How to let go of guilt and be happier at home
Guilt is the ultimate clutter. It takes up an awful lot of physical and mental real estate. It is one of the biggest obstacles to feeling happy at home and enjoying our space. In the home, guilt often manifests around physical possessions you no longer like, want or use (such as expensive or ill-fitting clothing, gifts, sentimental items and memorabilia etc) or items relating to unfinished projects.
Internally, guilt tends to show up in the form of the word ‘should’. I should hold onto these clothes I don’t wear anymore because I spent decent money on them, I should keep this gift I received even though I won’t use it, I should keep grandmother’s tablecloth even though it makes me feel terribly sad every time I see it.
‘Should’ speaks from a space of obligation, of resistance and reluctance. It deprives us of ease and agency. When we are making decisions based on guilt it’s hard to find satisfaction, fulfillment or peace at home because there is always something to do, or to keep, avoid or navigate around that makes us feel bad.
So how do we gently release the hold that guilt can have on us?
Here are a few suggestions on how to let go of the ‘shoulds’ and start living with more ease.
- Ask yourself the question – ‘Why?’ Next time you catch yourself saying, ‘I should ….’ ask yourself why. Why do you want to keep that item, undertake that project, buy that new thing, store that object etc? Asking yourself why can unearth your underlying motivations (such as worrying about what others will think, or feeling bad about having spent money on something, or having changed your mind), which can help provide some clarity around how to take action in a way that serves you better.
- Reframe it. Instead of saying ‘I should’ try replacing it with ‘I will’ or ‘ I want to’ . This gives you a greater sense of agency and an active frame of mind. You’re much less likely to resist or feel bad about doing something you want to do, or have decided to do.
- Consider what it’s costing you. What is the price of holding onto the guilt (and any associated objects and clutter taking up space in your life) – is it affecting your health, your relationships, your space, time, money? If it’s not worth the cost, it’s time to let it go.
- Give yourself permission to release the guilt. Whatever it is you’re holding onto, you’ve already paid enough. This is especially helpful to remind yourself when you’re clearing out your wardrobe! Clear out the mental and physical space that the guilt is taking up and allow yourself room for what matters and makes you happy in your life right now.

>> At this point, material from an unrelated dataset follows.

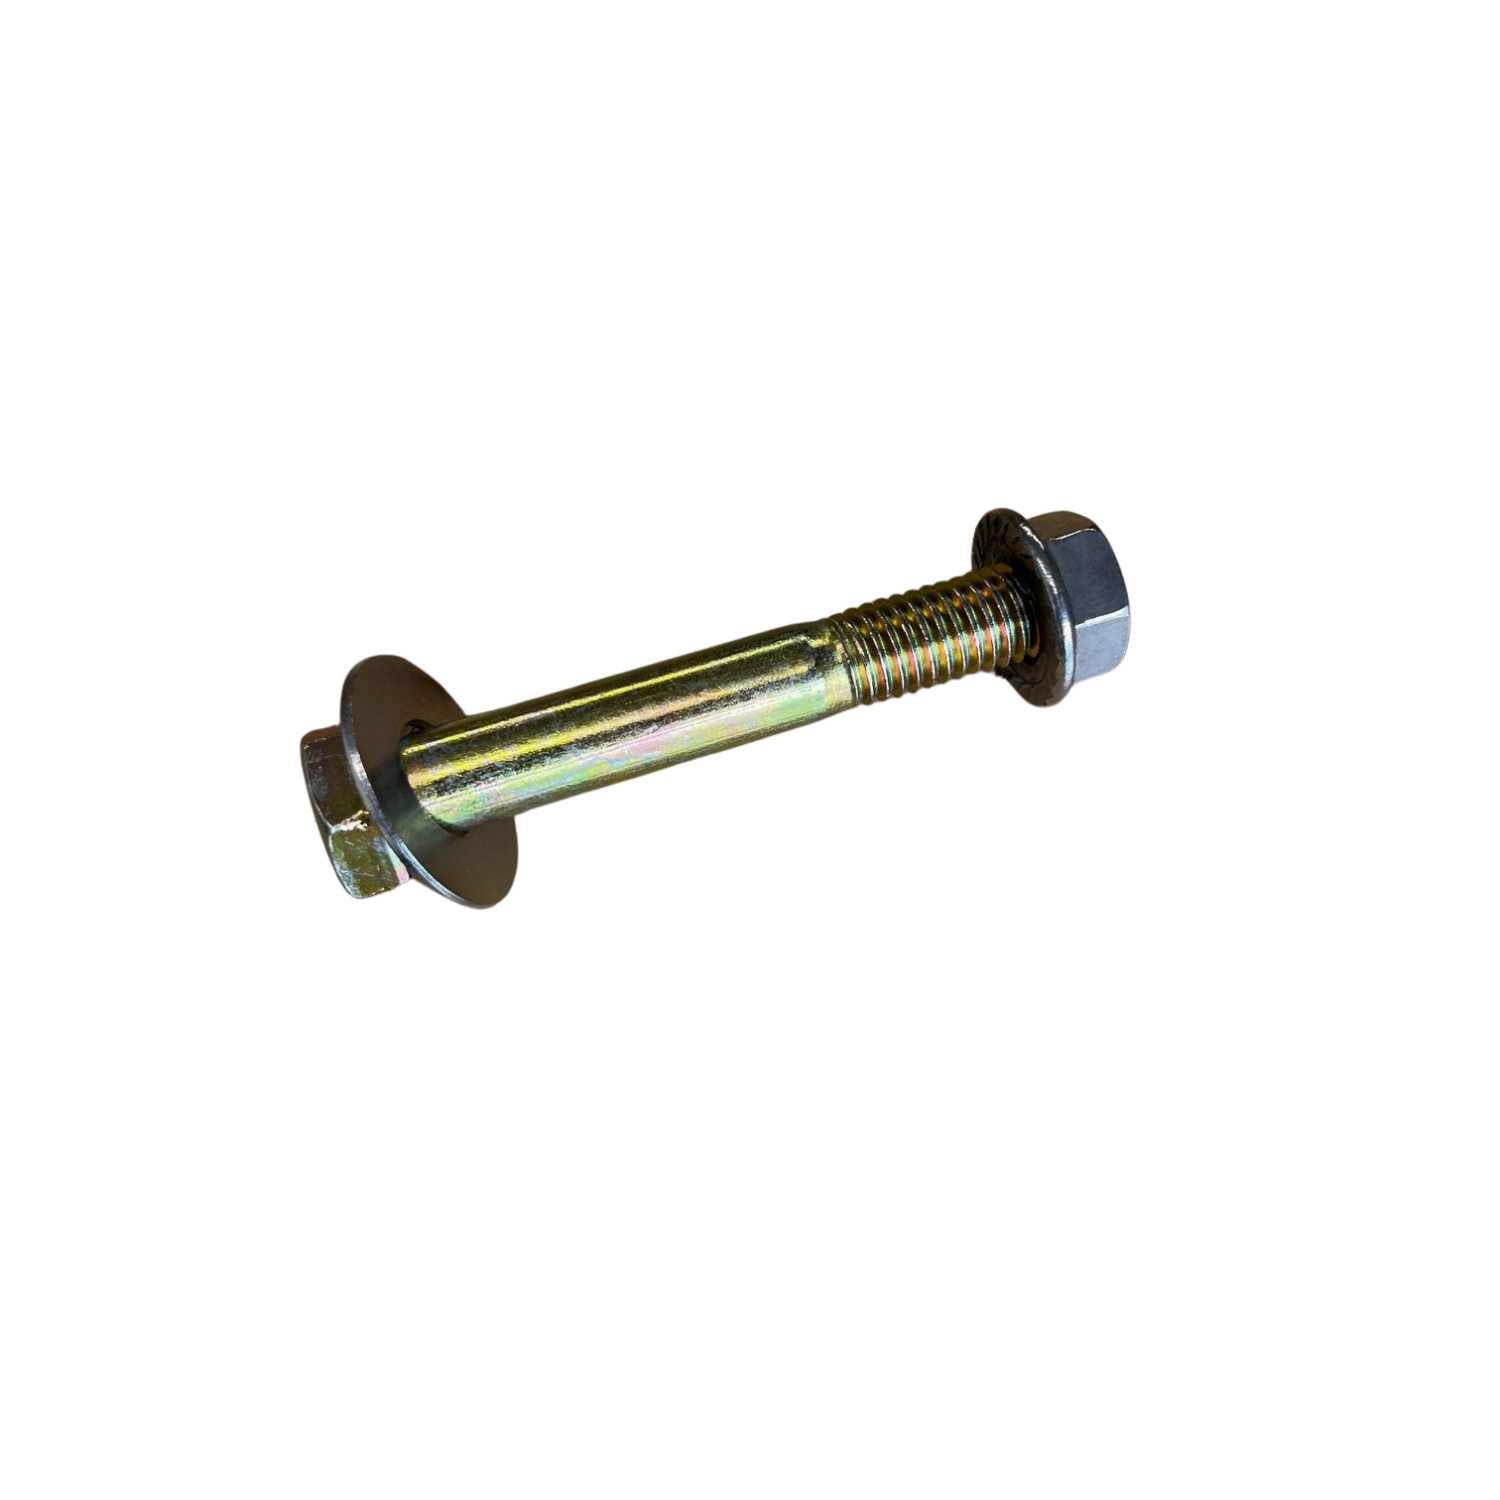 Bolt 3.5 inche with washer and nut for rack base

- Trust yourself. Guilt and the fear of regret often show up together. We hold onto things that no longer serve us because we worry we’ll regret letting them go in the future. Trust is a powerful ally in keeping the fear of regret at bay. Trust helps guide your decisions from a place of authenticity. When you trust that you have your best interests at heart it becomes easier to let go of what is holding you back.
- Practice gratitude. Guilt tends to live in the past and the future – either in things you did in the past, things that remind you of the past, or in things you think you should own or activities you should do. Enjoyment, ease and satisfaction live in the present. When you make time to notice and appreciate the good you already have in your home (shelter, comfort, a place to rest and spend time with loved ones) you can enjoy your space from a place of presence rather than guilt.
Depending on the source, guilt may or may not be visible in your home and your life but it has weight. Your soul feels it even if you might not consciously be aware of it.
When you let go of the guilt you’ll feel so much lighter and clearer. You’ll create space in your head and your home for what is truly important and for what makes you feel good right now.